The beneficial effects are that: compared with the prior art, the invention has the beneficial effects that: 1. the invention designs a comprehensive control method for the roll of the automatic driving vehicle based on a reinforcement learning algorithm (DDPG), and the roll of the vehicle is controlled in a complex road environment through reinforcement learning, so that the automatic driving vehicle can realize exploratory running of the vehicle under complex road conditions and extreme weather through exploration and utilization methods; 2. and the compensation effect of iterative learning control on the DDPG algorithm is carried out aiming at extreme driving conditions, so that the comprehensive control effect of the vehicle is realized, and the final safe driving of the vehicle is ensured.
Drawings
Fig. 1 is a schematic diagram of a DDPG network architecture;
FIG. 2 is a schematic diagram of integrated control of vehicle roll;
fig. 3 is a flow chart of integrated control based on autonomous vehicle roll.
Detailed Description
The invention is described in further detail below with reference to the accompanying drawings.
The invention provides an automatic driving vehicle roll control method based on DDPG and iterative control, which specifically comprises the following steps:
step 1: laser radar, vision, millimeter wave radar, ultrasonic radar sensor, positioning system and inertial navigation system are installed on an autonomous vehicle.
The invention is oriented to the road condition environment of a cross-sea bridge, and aims to control the vehicle to safely run at a medium-low speed (5-80 KM/H), and realize high-level intellectualization of the vehicle through the control behavior of the vehicle with instantaneous side inclination. To achieve the above object, the present invention mounts a plurality of several laser radar, machine vision, millimeter wave radar and ultrasonic radar sensors on an autonomous vehicle, and mounts a positioning system, an inertial navigation system (IMU), and the like.
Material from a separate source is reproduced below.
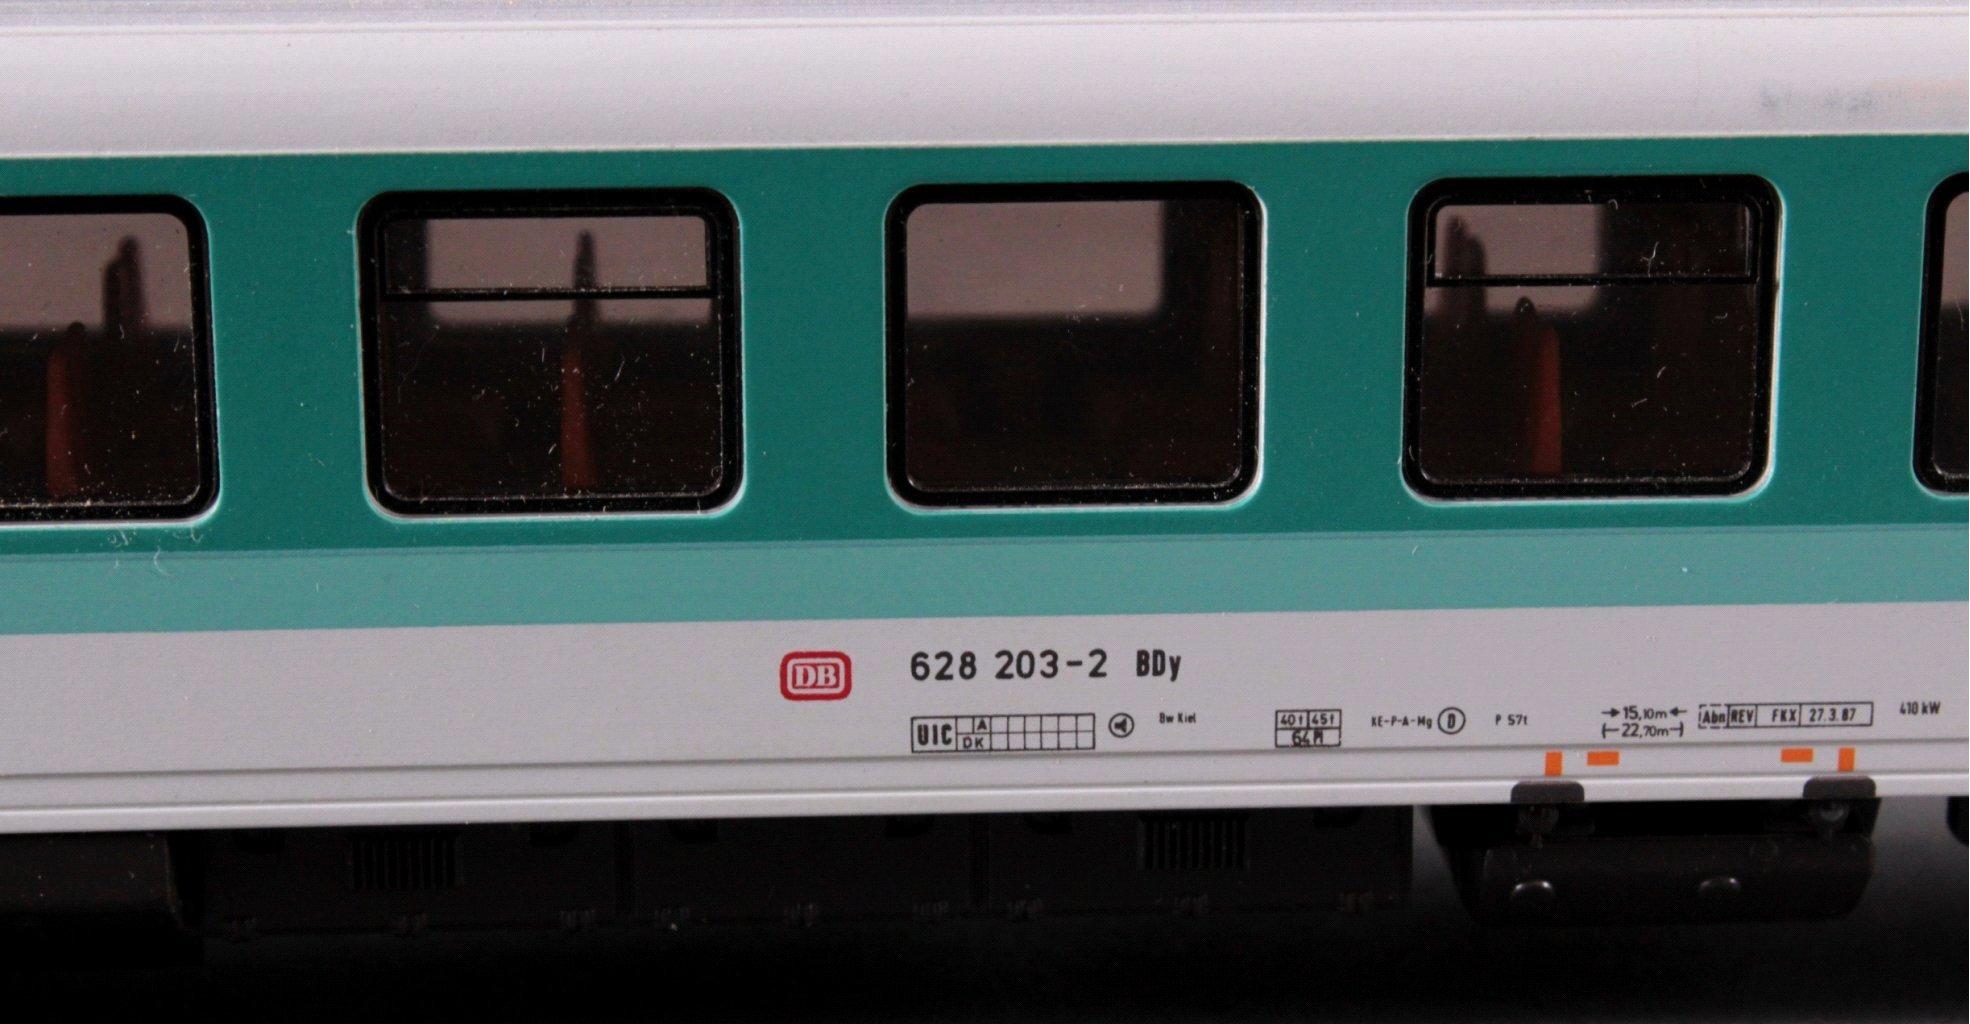 Märklin H0 3376 Diesel-Triebwagen BR 628 203-2 der DB-2

The laser radar sensor is used for detecting dynamic and static obstacles on the road, including pedestrians, motorcycles, various vehicles and the like, and can drive a road area; the machine vision sensor is used for sensing lane lines, pedestrians and vehicles and performing positioning and synchronous map creation; the millimeter wave radar sensor is used for detecting the distance between the vehicle and the pedestrian and the distance between the vehicle and the traveling vehicle; the ultrasonic radar is used for detecting the distance between the short-distance vehicles; positioning systems and inertial navigation Systems (IMUs) are used to implement vehicle positioning technology.
Step 2: the vision sensor, the positioning system and the inertial navigation system are used for realizing the positions and the maps of the vehicle in different scenes respectively so as to generate the running maps of the automatic driving vehicle in different scenes and realize the environment required by the running track of the vehicle.
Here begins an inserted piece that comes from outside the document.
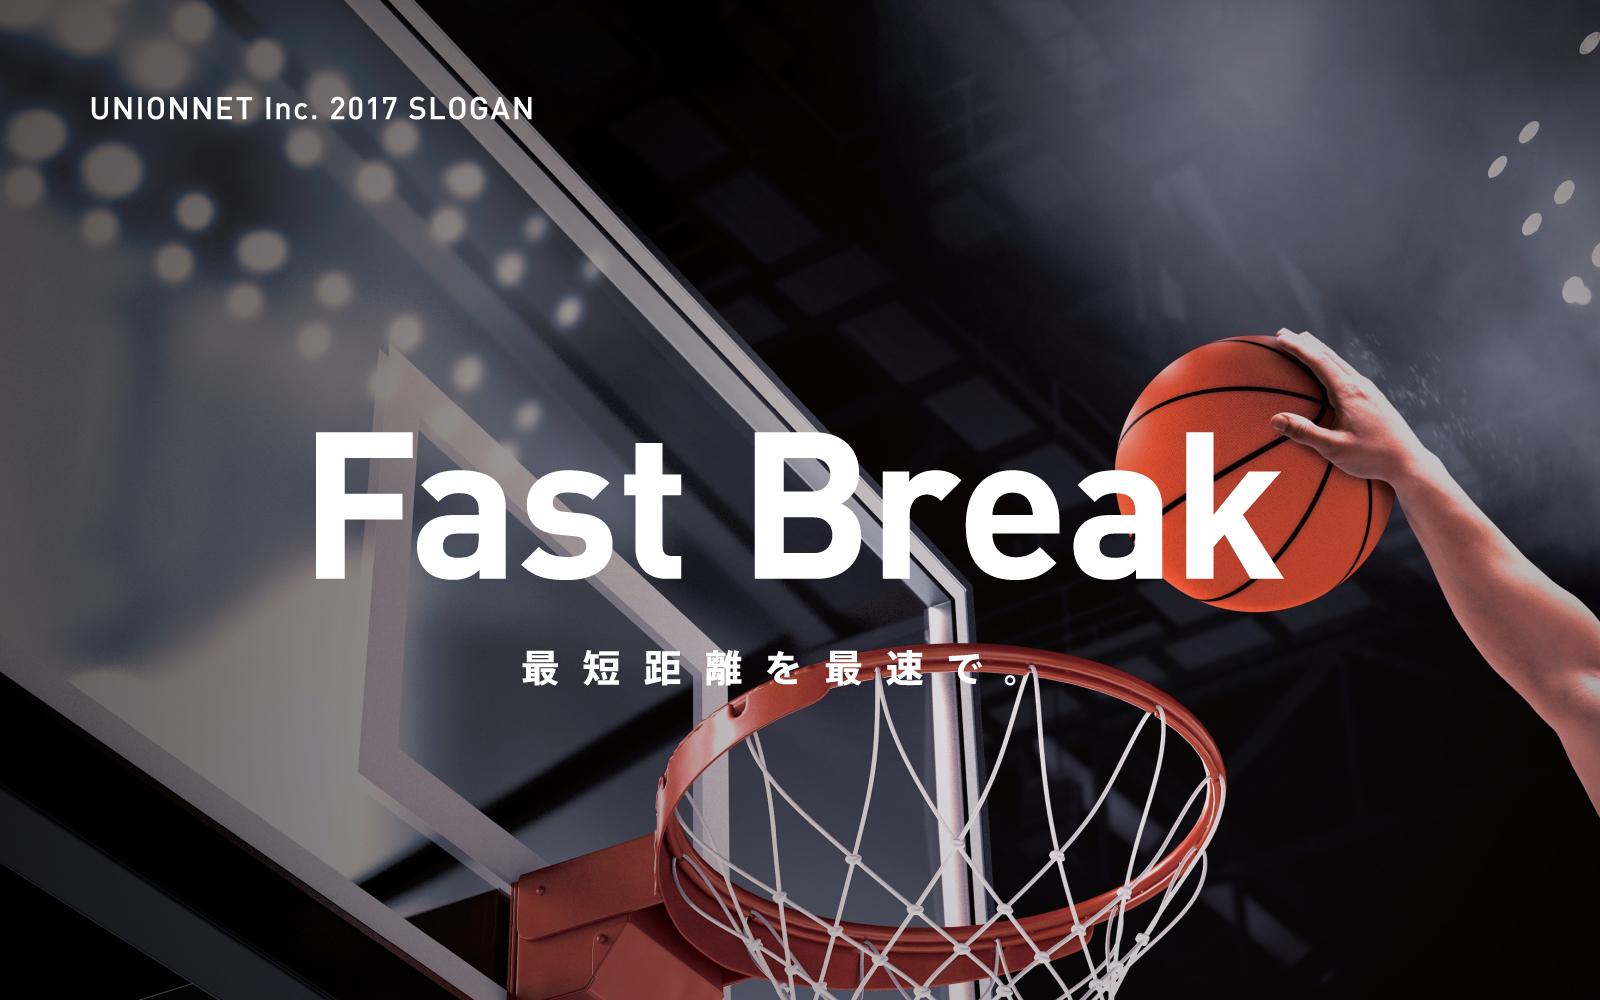 ユニオンネット2017年スローガン「Fast Break」

The method comprises the steps of using a visual sensor, a positioning system and an inertial navigation system (IMU) to realize positions and maps of vehicles in severe weather such as sunny days, rainy days, snowy days, foggy days, strong winds and the like respectively so as to generate an automatic driving vehicle driving map in five scenes of a cross-sea bridge road condition in rainy and snowy days, a cross-sea bridge road condition in strong wind and severe weather, a road condition when a bridge vibrates in sunny days, a driving road condition of a bicycle in frequent changeable weather and a driving road condition of a plurality of vehicles in frequent changeable weather, and the method is used for realizing an environment required by a vehicle driving track.
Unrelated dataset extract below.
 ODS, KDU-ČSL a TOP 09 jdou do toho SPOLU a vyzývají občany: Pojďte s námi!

Step 3: and respectively controlling a steering wheel, an accelerator and a pedal, driving on a cross-sea bridge, acquiring corresponding driving tracks in rainy and snowy days, strong wind and severe weather and sunny days, and constructing a data set.
A driver with abundant experience respectively runs on the cross-sea bridge under five scenes by controlling the steering wheel, the accelerator and the pedal, and records corresponding running tracks so as to construct corresponding data sets. The data set includes: the vehicle speed, the running track, the vehicle position, the course angle, the slip angle, the yaw rate and the roll angle provide necessary reference data for training the data set and evaluating the controllability of the vehicle.
Step 4: the DDPG algorithm is trained on the running map of the automatic driving vehicle under different scenes and is used for running states of the cross-sea bridge under different complex road condition grades in severe weather; the automatic driving vehicle generates real-time vehicle states through interaction with map environments in different scenes, and determines action behaviors of the vehicle; when motion training is performed, initializing a motion space, generating state space information by an online strategy network in an actor network, performing motion output, and adding motion noise to acquire a exploratory motion space.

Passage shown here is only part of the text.